As one of Brooklyn’s premier psych-pop bands, Crystal Stilts had been singing the praises of Flying Nun since the beginning of their career, back when their contemporaries were merely dusting off their C-86 cassettes. After forming in 2005 and finally capturing national attention three years later with their self-titled demo collection and debut album Alight of Night (Slumberland), their wide-eyed, major-key clangor was so undeniable even Flying Nun stalwarts the Clean brought them along on tour. It’s easy to see why: Even with lead singer Brad Hargett’s morose baritone -- probably most suited for Factory than any other label you can immediately reference -- the Stilts are lush and expansive, easily sculpting a widescreen version of the kind of music Flying Nun brought to the world.

2. Times New Viking

There’s far more that links Columbus, Ohio’s greatest-ever band to the historic Dunedin Sound (or kiwi-rock, if you prefer) than Jared Phillips’ harsh-but-jangly guitars and Beth Murphy’s chintzy, Farfisa Organ-sounding keyboards -- though it’s true that without them, Times New Viking would sound much more like DIY legends Swell Maps or Desperate Bicycles.
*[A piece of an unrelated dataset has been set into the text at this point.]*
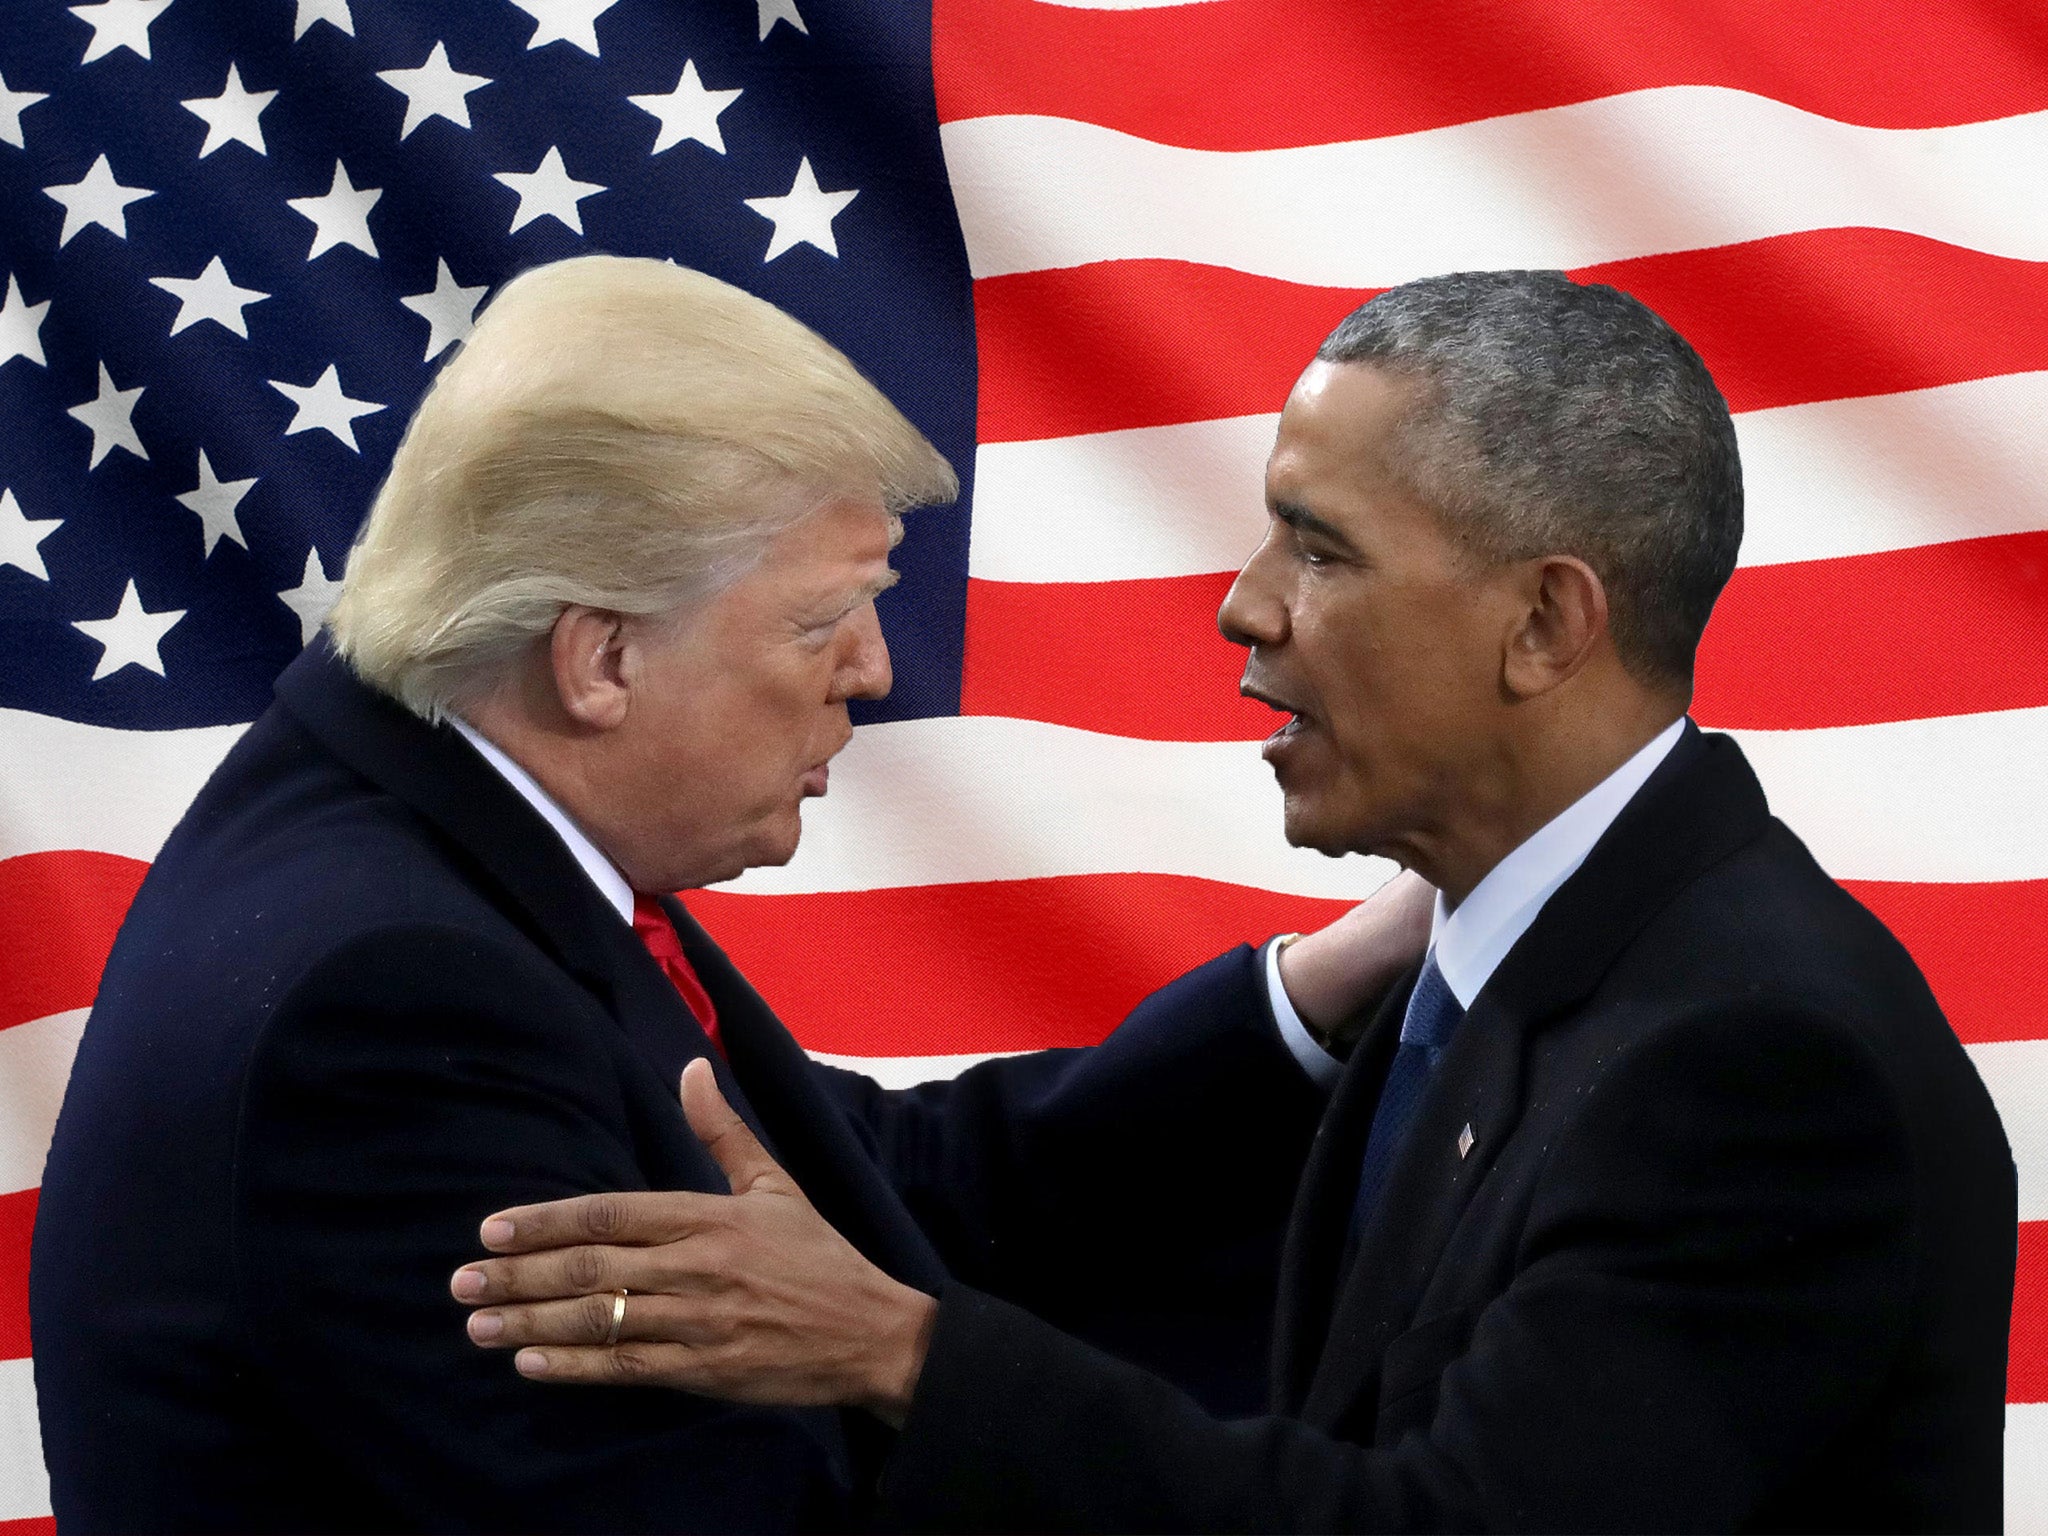 ‘Obama’s America is the future. Trump’s America is the last throes of a bygone era’

But TNV employ many of the same songwriting tricks that made the bands on Flying Nun easy to obsess over; their tunes are propulsive, brief, uncomplicated, and most importantly, hopelessly catchy. The fact that a great many of these songs are buried in layers of confrontational static makes them a perfect fit for the noisier cross-section of less-heralded Flying Nun bands.

3. Twerps

Out of the bands currently basking in the influence of Flying Nun -- on this list and beyond -- few, if any, of them are as profoundly obeisant of the label’s benchmark groups as Twerps. Hailing from Melbourne, Australia -- closer north to Flying Nun headquarters than most of the places their records get shipped to -- Twerps specialize in loosey-goosey drums, lyrics delivered so off-the-cuff they sound entirely improvised, and guitars as addictive as they are high-flying (pun intended), all key traits of the label’s most celebrated bands. In fact, if you can listen to “Coast to Coast” or “Jam Song” passively and not mistake it for something off of an early-’80s Clean single, your frame-of-reference is surely wider than that of most people.

4. Brilliant Colors

It would be just as easy to categorize San Francisco’s Brilliant Colors as a twee-punk band -- frontwoman Jess Scott’s girlish alto could have been pulled anywhere from the catalogs of Postcard or Sarah Records -- but then those trebly, overdriven guitars push the speakers into the red and you’re instantly reminded of the Clean’s “Count to Ten” or “Art School.” And just like early efforts from the Verlaines and the Chills, brevity’s the word here: Throughout Brilliant Colors’ two Slumberland-released efforts, there are only three songs that run past the three-minute mark.

5. The UV Race

As the Flying Nun Wikipedia entry will tell you, when Australian radio titan Triple J listed their thirty-greatest New Zealand acts of all-time, a staggering two-thirds of that list were artists who had, at one point or another, been signed to Flying Nun. Just like their Melbourne peers in Twerps and Eddy Current Suppression Ring, it’s incredibly likely the members of the UV Race grew up listening to the core stable of Flying Nun acts, as they’ve forged as sound as irreverent as vintage Tall Dwarfs. Though their new album, Racism (In the Red) skirts toward the punkier sound of Flying Nun -- think Toy Love and the Dead C -- their fun streak as just as prevalent as their sometimes-aggressive freakouts, proof positive of Flying Nun’s versatility.